Loud & Clear: How much does Spotify pay artists?
- Spotify paid out 7 billion to rights holders
- 52,600 artists generated more than 10k, 1,040 more than one million
- Why Spotify thinks they only have 200,000 professional artists on their platform
In March of 2021, Spotify released Loud & Clear to counter the criticism they received on their lack of transparency in payouts. The page has now received an update with the latest numbers. We dove in to categorize the data.
Spotify paid out 7 billion
First, let’s look at the biggest sum of all: last year, Spotify paid 7 billion dollars to music rights holders. This is significantly more than the previous years: In 2020, it was 5 billion dollars, and it 2017, the number only reached 3.3 billion. Since the creation of Spotify in 2008, the company has paid out more than 30 billion to rights owners.
Spotify’s profits in 2021 reached 10.63 billion dollars, which means that they pay out 66% of their revenues to rights holders and keep a third of the share for themselves. When looking at these payouts, it is important to note that they encompass both the master rights, meaning the revenues paid via a label or distributor, as well as the publishing rights, meaning the payments made to the copyright collectives or publishers. However, this data only gives limited insight into how much the artists themselves actually receive, since labels, distributors, and publishers take their share, too.
52,600 Artists generate more than 10k
Let’s start with the high-income earners: 1,040 artists generated more than one million dollars (it was 860 artists in 2020), 450 generated more than 2 million, and 130 generated more than 5 million. And the (upper) middle class? Well, 52,600 artists generated more than 10,000 dollars (2020: 42,500), 16,500 generated more than 50,000 (2020: 13,400), and 2,170 more than 500,000 (2020: 1,800). 203,000 artists were still able to make more than 1,000 dollars.
Another thing to keep in mind is that these numbers overlap, e.g., the 1,040 artists who made more than one million are also included in the 52,600 who managed to hit the 10,000-dollar mark. Examining the data separately, the numbers appear as follows:
|Payout||Number of artists|
|10,000 – 50,000||36,100|
|50,000 – 100,000||7,000|
|100,000 – 500,000||7,330|
|500,000 – 1,000,000||1,130|
|More than 1 million||1,040|
Only 200,000 professional artists on Spotify?
Considering there are 8 million artists on Spotify, 52,600 obviously look very meager. Spotify wants to counteract this impression by researching the number of “professional artists” on their platform and determining the number to be 200,000. To get there, Spotify has evaluated various data. It’s actually rather surprising: Out of the 8 million artists who have released music on Spotify, 5.4 million have uploaded fewer than 10 songs. Out of the artists who have more than 10 tracks, there are 165,000 who have more than 10,000 monthly listeners and thus a solid fanbase.
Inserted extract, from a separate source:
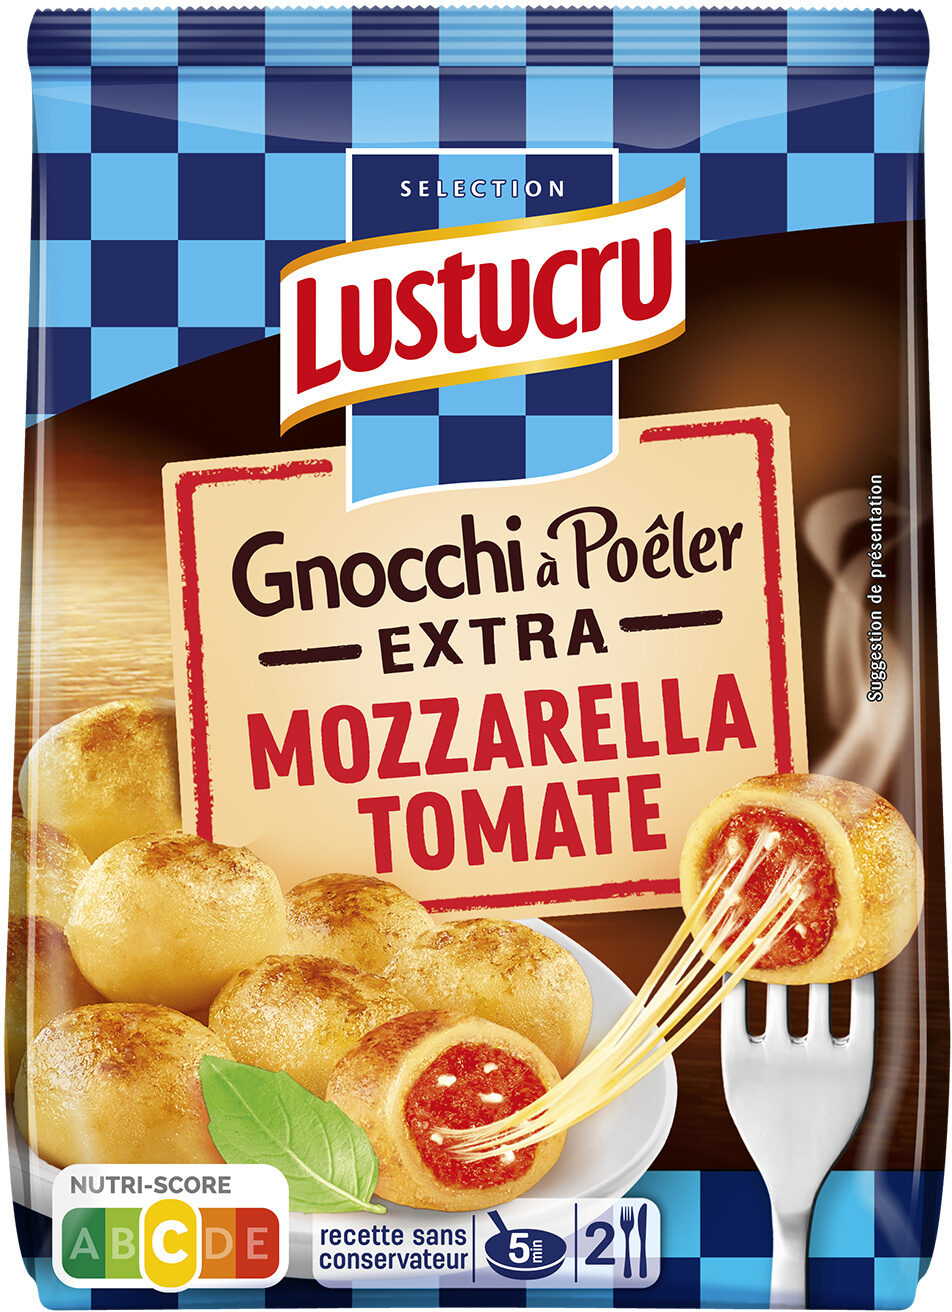 Gnocchi a poeler extra mozzarella tomate 280g - Produit

Additionally, Spotify analyzed how many artists publicized a live show on Spotify in 2019, meaning before the pandemic (there were 199,000).
Thus, a quarter of these “professional artists” should have generated more than 10,000 dollars, and 8% of them over 50,000. This calculation of “professional artists,” however, gave cause for quite a few questions and criticism. Spotify seems to be taking the easy way out by chewing 7.8 million artists out and labelling them as “non-professionals.” That makes it look like it’s their own fault that they did not generate significant revenues.
DIY artists on the rise
Finally, however, there are some positive data, as well. Out of the 52,600 artists who generated more than 10,000 dollars, 28% are self-released, meaning they released their music without a label but instead via a distributor like iGroove. 72,700 DIY-artists have more than 10,000 monthly listeners and generated 1.1 billion, which is 15.7% of the total payouts.
Surprisingly, Spotify announced that they paid out more than a billion dollars for publishing rights, which supposedly surpasses the numbers in the CD era. With that, they are clearly taking a stance in the ongoing debate over raising the share of revenues for songwriters. At the moment, 75-80% of these go to labels and distributors, while 20-25% are paid out for the publishing rights.
Greenroom becomes Spotify Live
Additionally, various media outlets reported that Spotify will integrate their Clubhouse-clone “Greenroom” into the regular Spotify app and change its name to Spotify Live. This is set to happen in the second quarter already.